Suatu saat ketika beber reyog bubar terselip harap: para pemain reyog sangat sadar siapa dirinya. Dalam kehidupan sehari-harinya, mereka tidak lah semegap-megap seperti lirik Kuda-Lumping-nya Sawung Jabo pada realitas kekinian. Lantas ‘mampus’ ditelan jaman. Bukan tenggelam di dunia ‘simulakra’, yaitu mitos-mitos manusia modern, yang menganggap bahwa pandangan-dunianya tentang seni tradisi semacam reyog adalah realitas yang terbatas. Mereka adalah prajurit reyog. Mereka pandai berperang dalam realitas kehidupannya.

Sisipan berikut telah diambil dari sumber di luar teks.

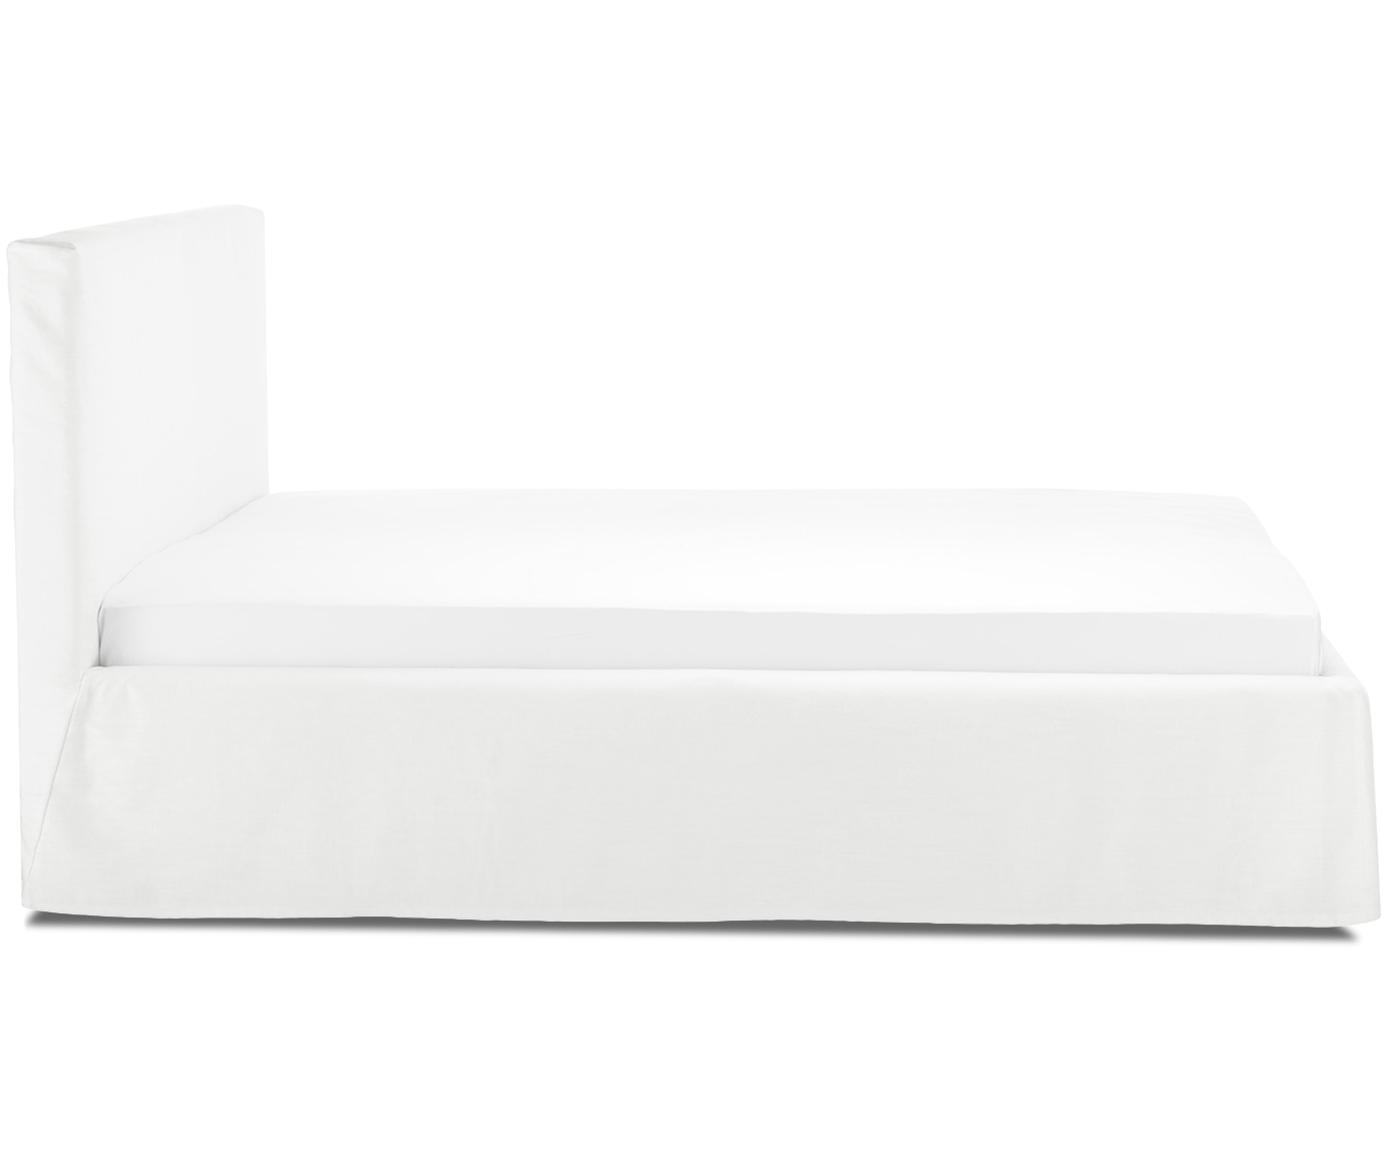 Łóżko tapicerowane z funkcją przechowywania Feather, Korpus: lite drewno sosnowe, Tapicerka: poliester (materiał tekst, Kremowobiały, 180 x 200 cm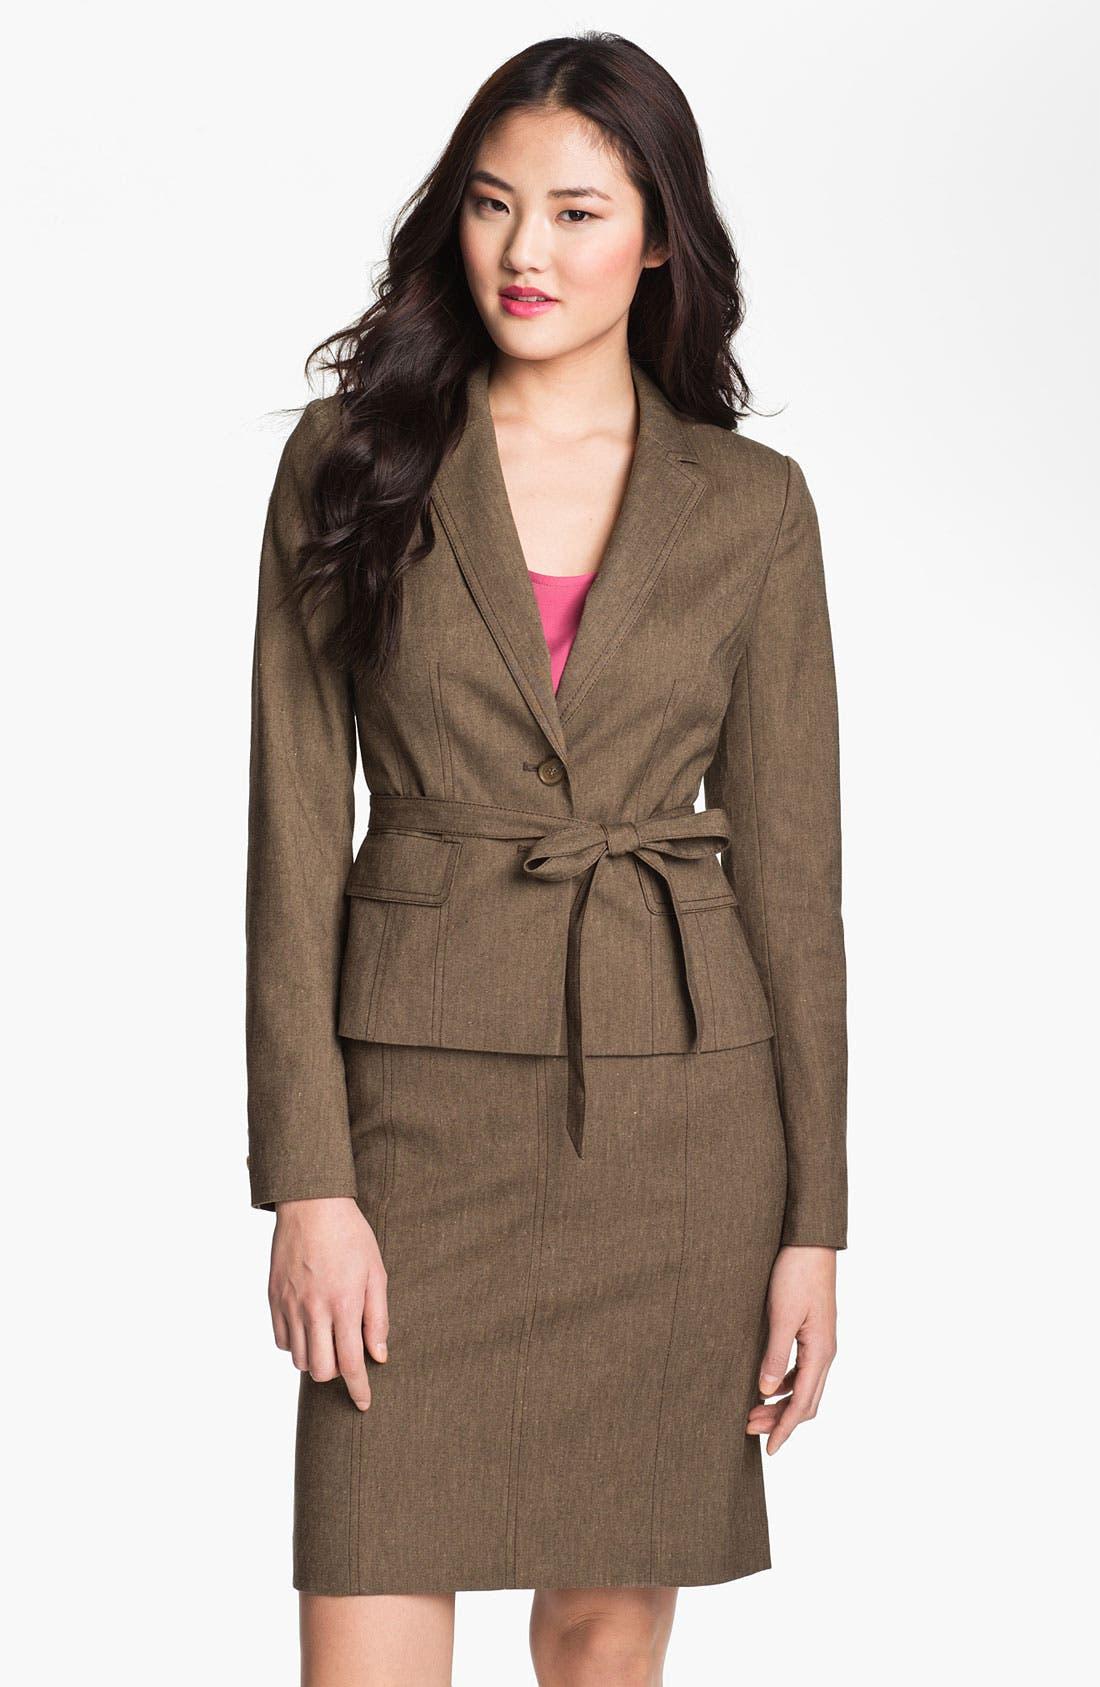 Alternate Image 1 Selected - Halogen® 'Subtle Stretch' Belted Jacket

Semoga beber-reyog yang riuh-rendah, tiap kali ia hadir, dapat mengajak siapa saja kembali bertamasya ke blok-blok ruang sub-atom yang kosong, yang sepi; tenggelam dalam (i)magi-nya yang tak berbatas; menarik diri dari batasan kehidupan yang terlalu sesak manipulasi.